* Exercise objective:
Restate word for word the section of the entries that opens at the line containing "Emergency services were" and closes at the line containing "A complete backup of throughtheinferno.com", both lines kept, pictures dropped.

* Records for processing:
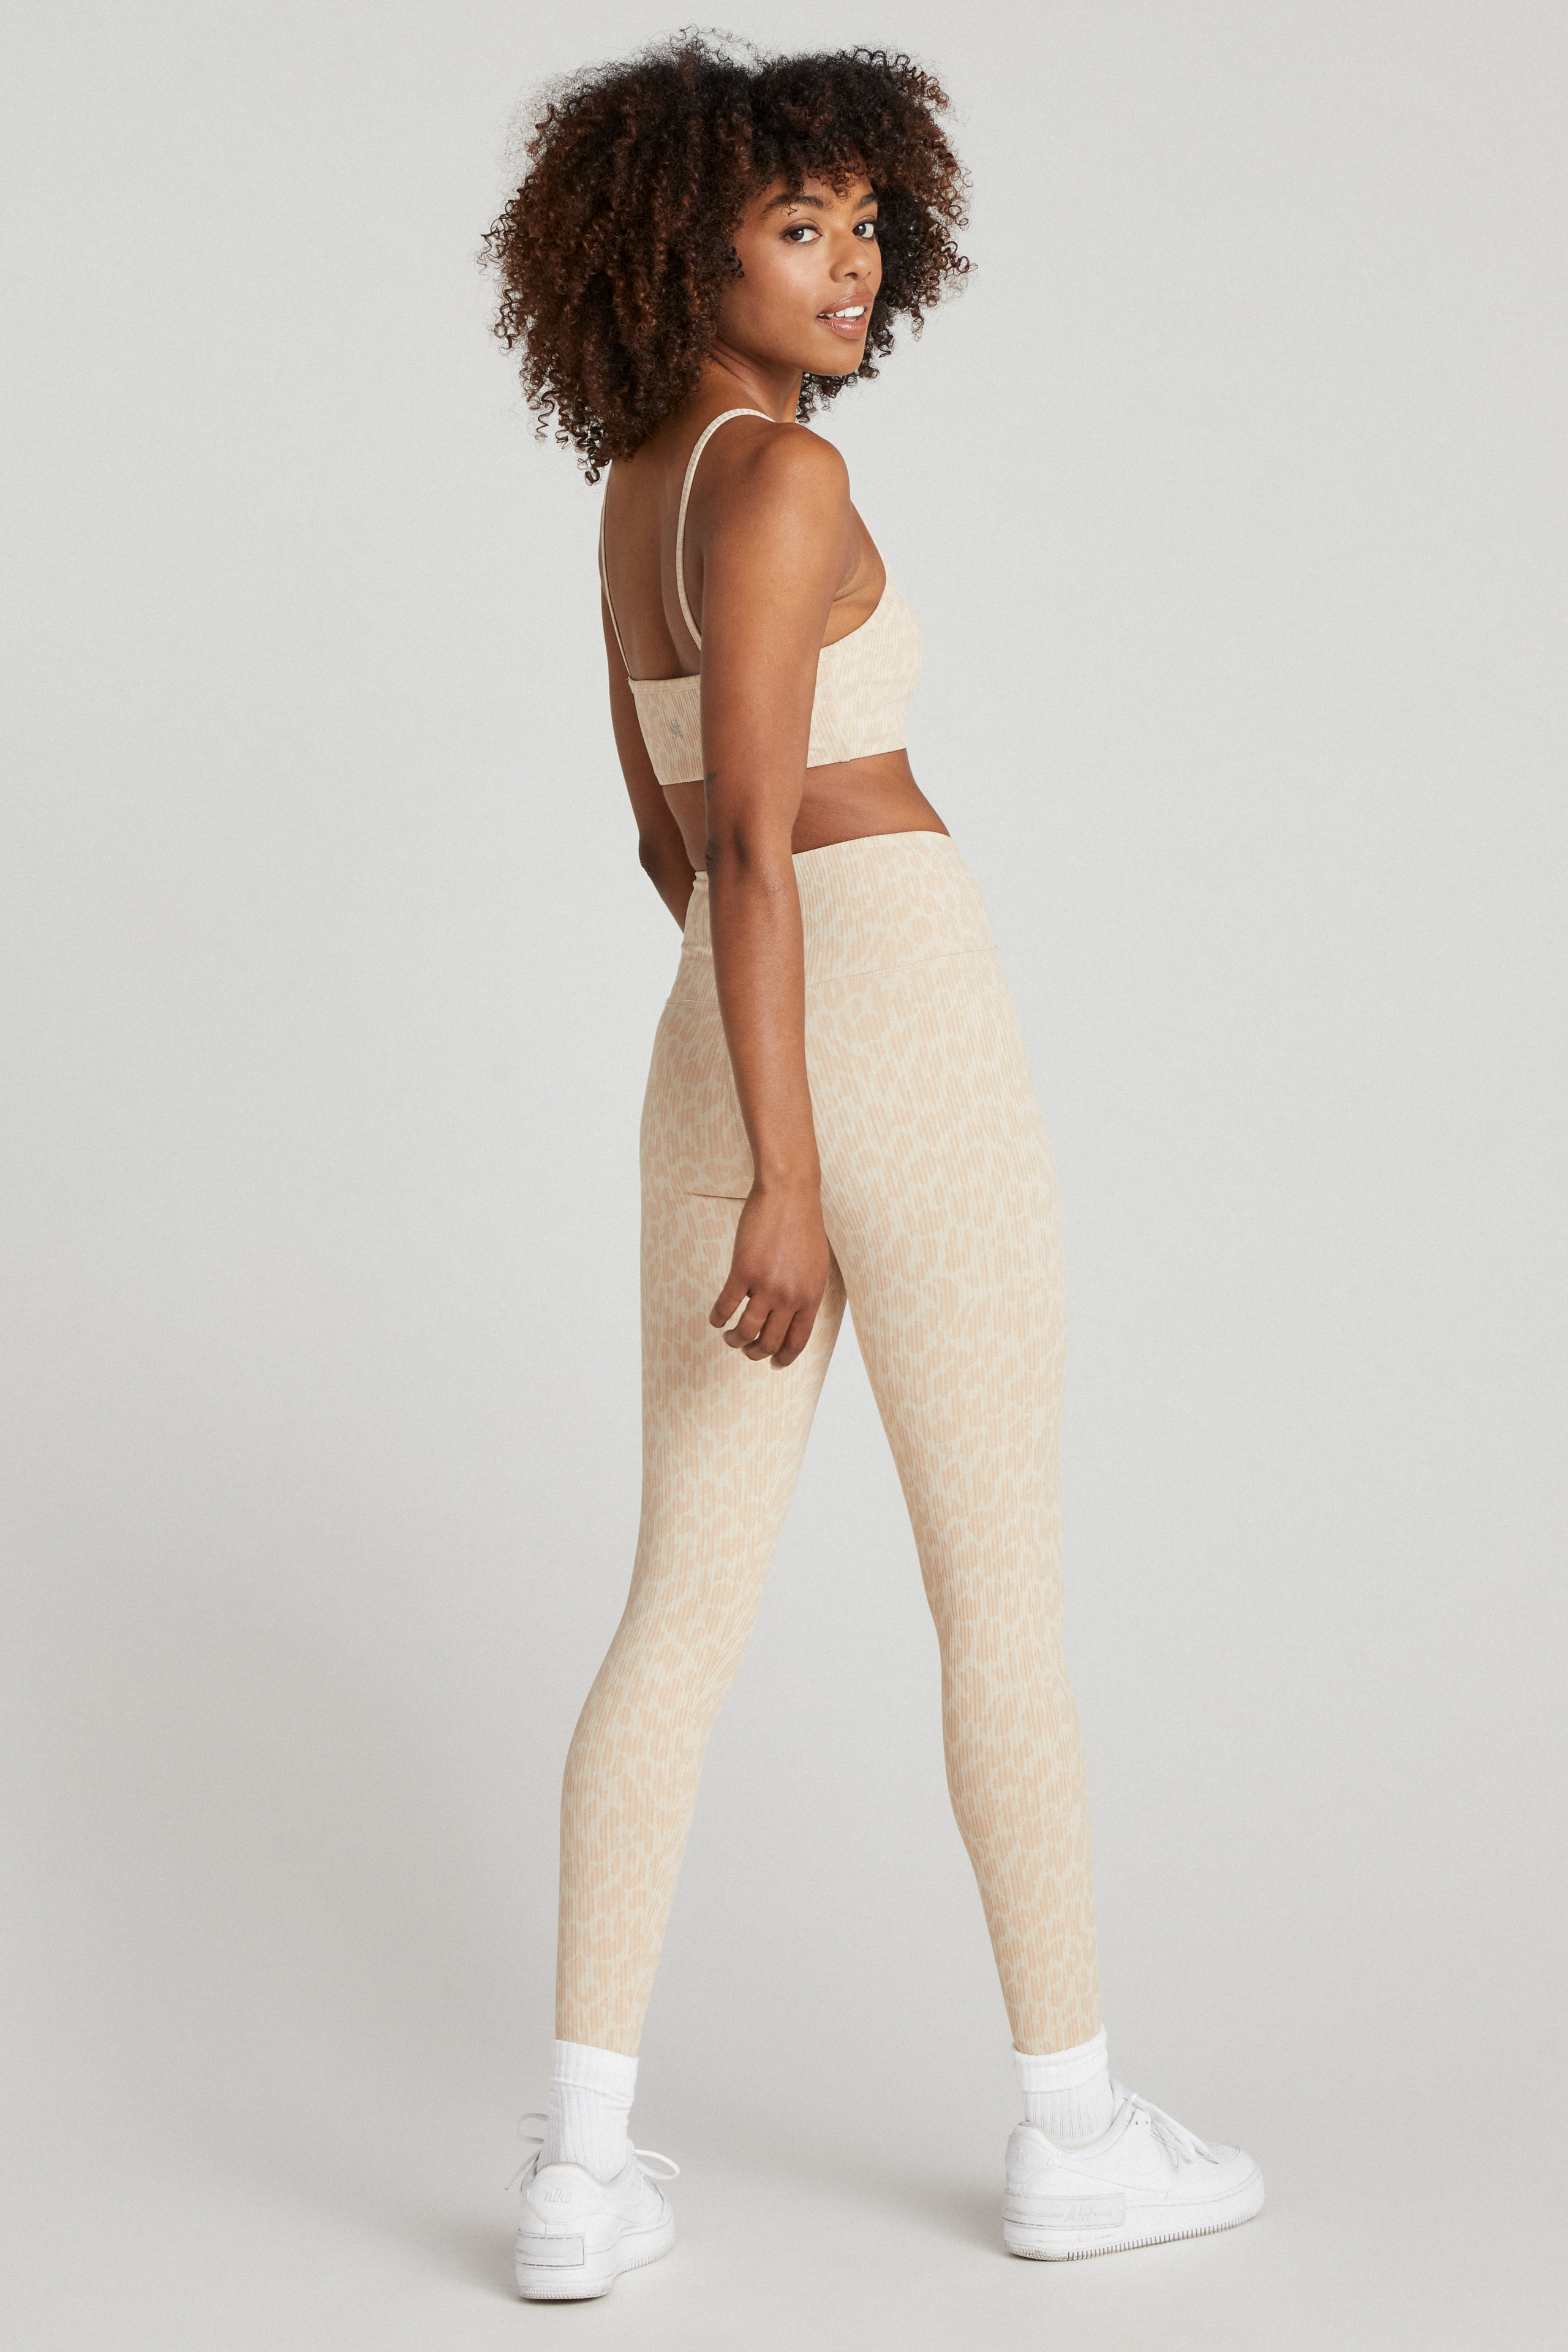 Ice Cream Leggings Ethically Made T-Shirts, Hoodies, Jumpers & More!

* * *

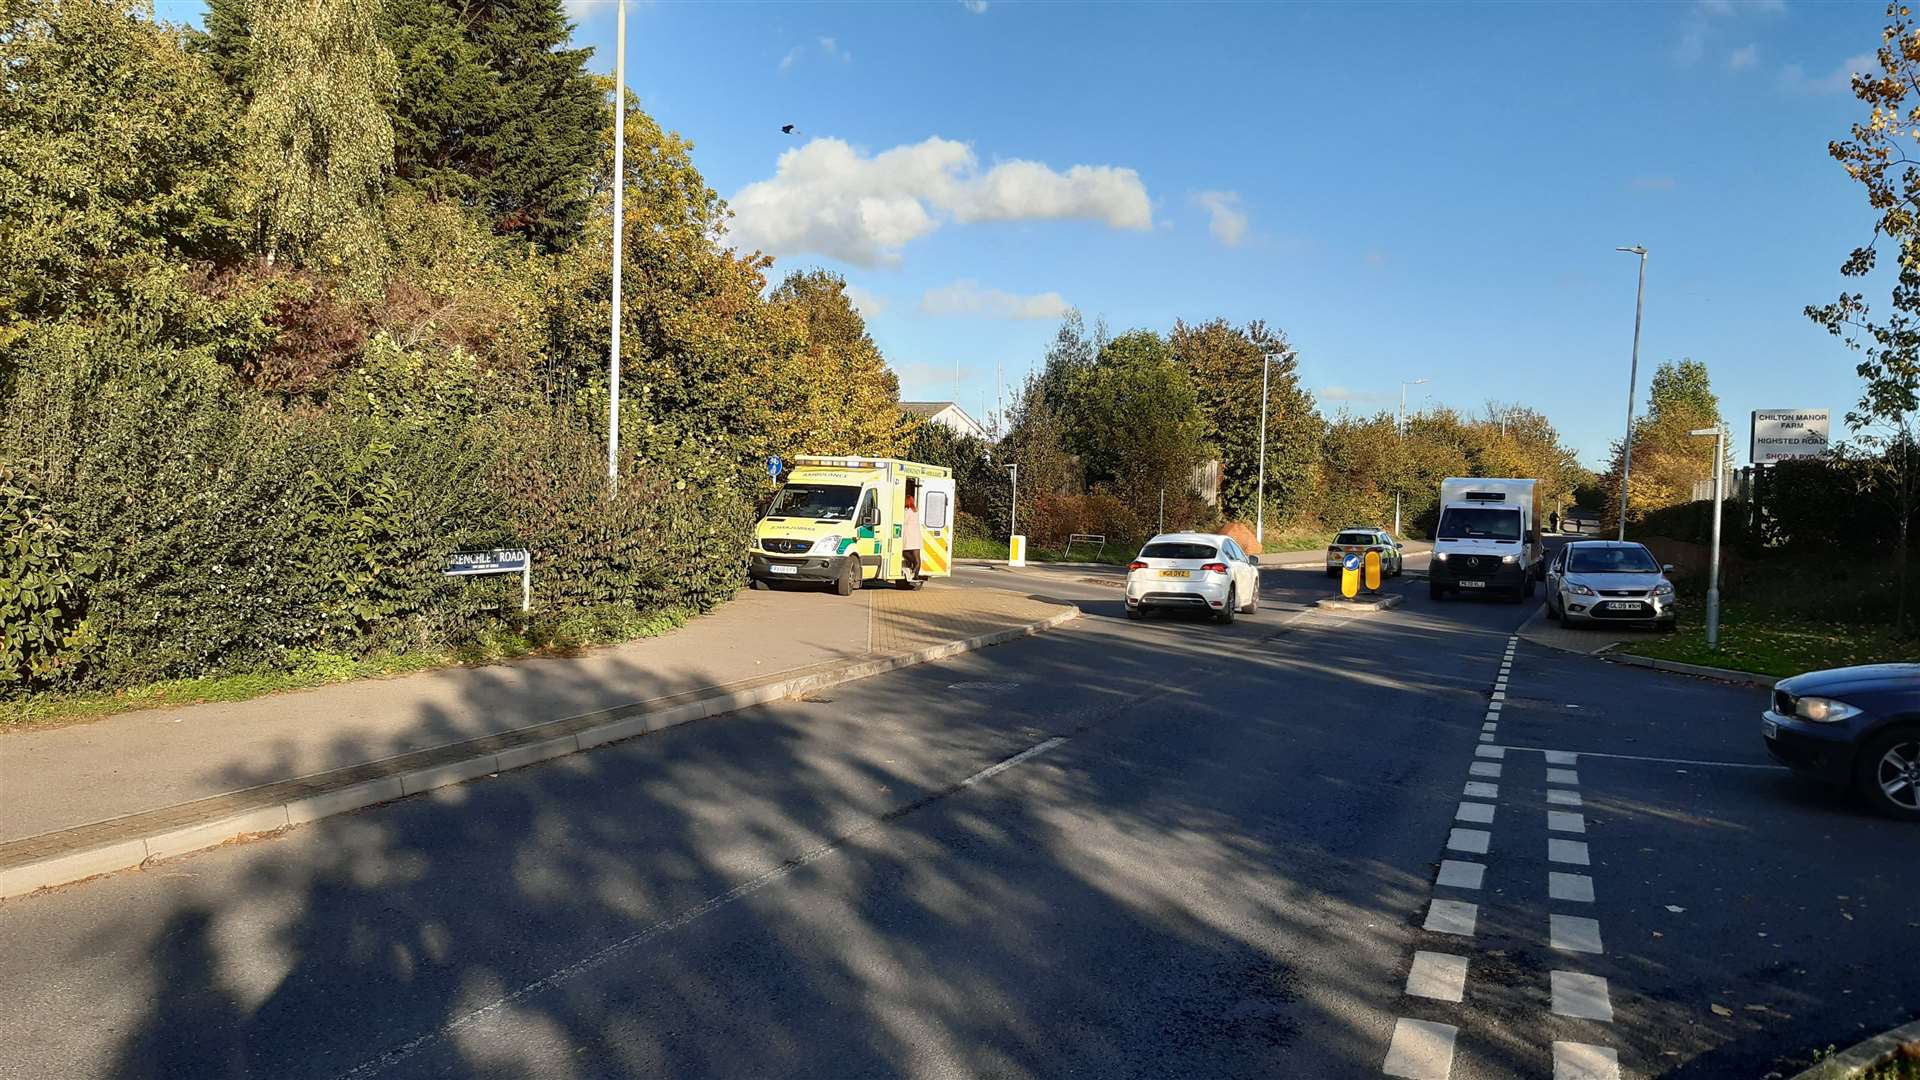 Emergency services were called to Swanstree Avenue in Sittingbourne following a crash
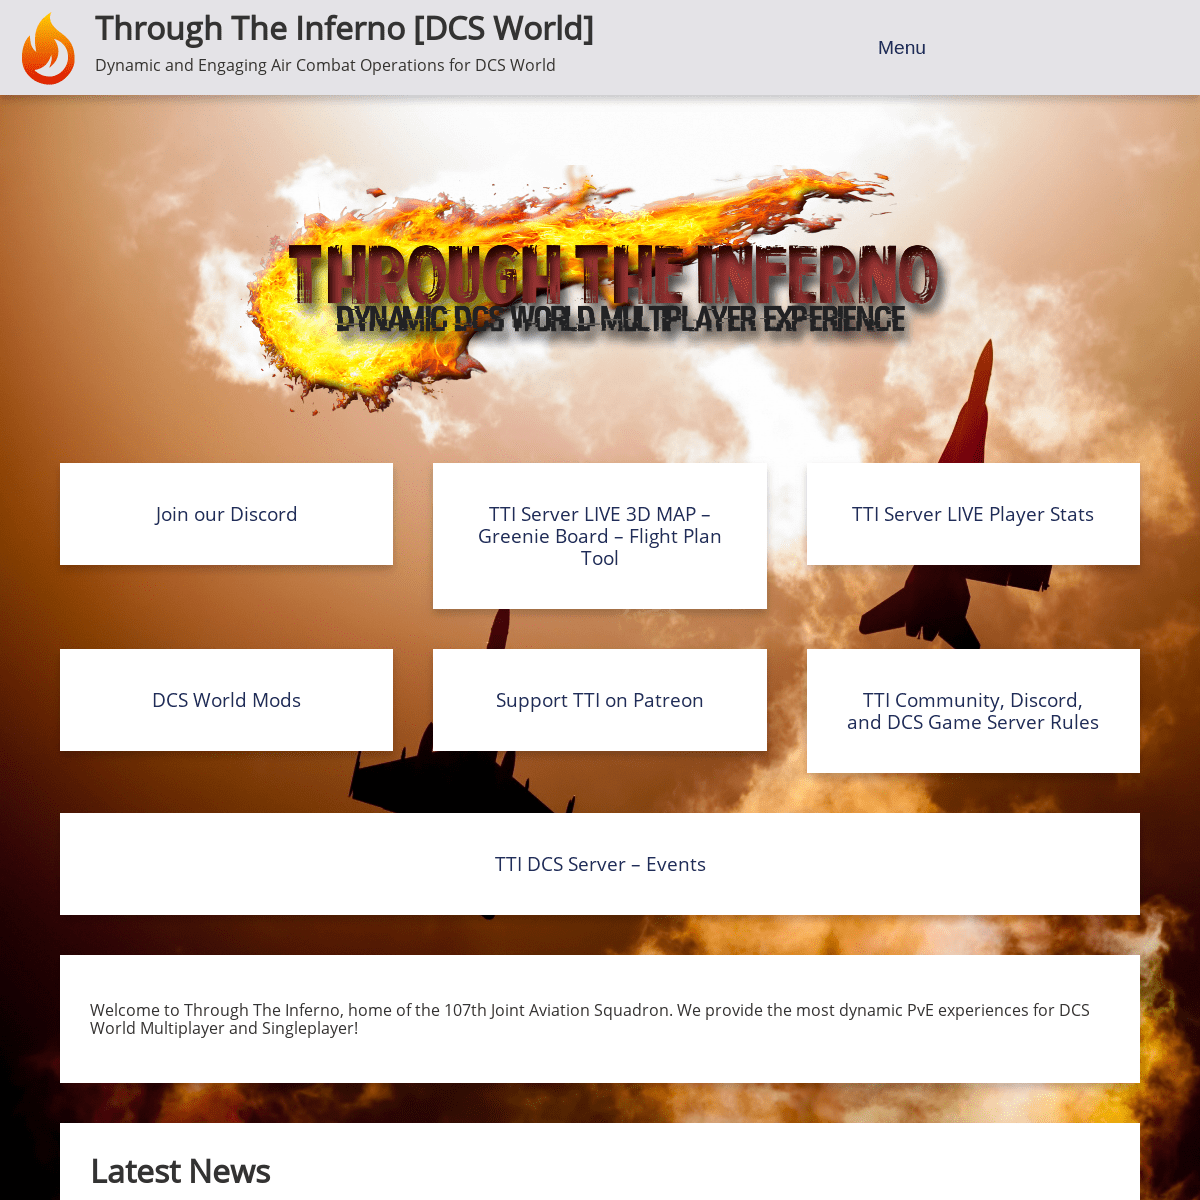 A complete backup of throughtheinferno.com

---

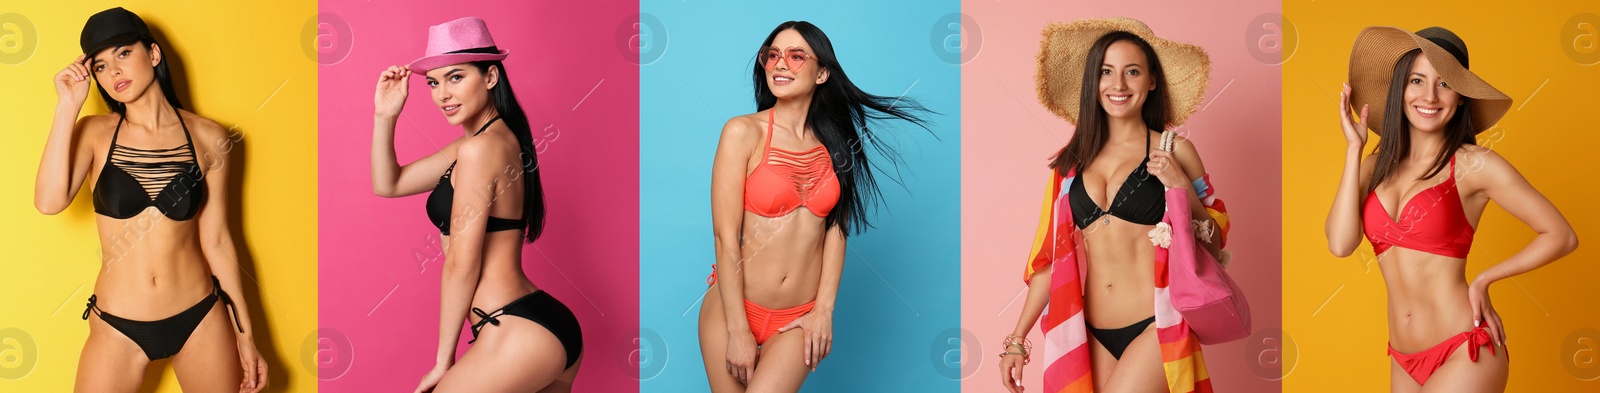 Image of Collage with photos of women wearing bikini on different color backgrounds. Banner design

* Output for this task:
 Emergency services were called to Swanstree Avenue in Sittingbourne following a crash
 A complete backup of throughtheinferno.com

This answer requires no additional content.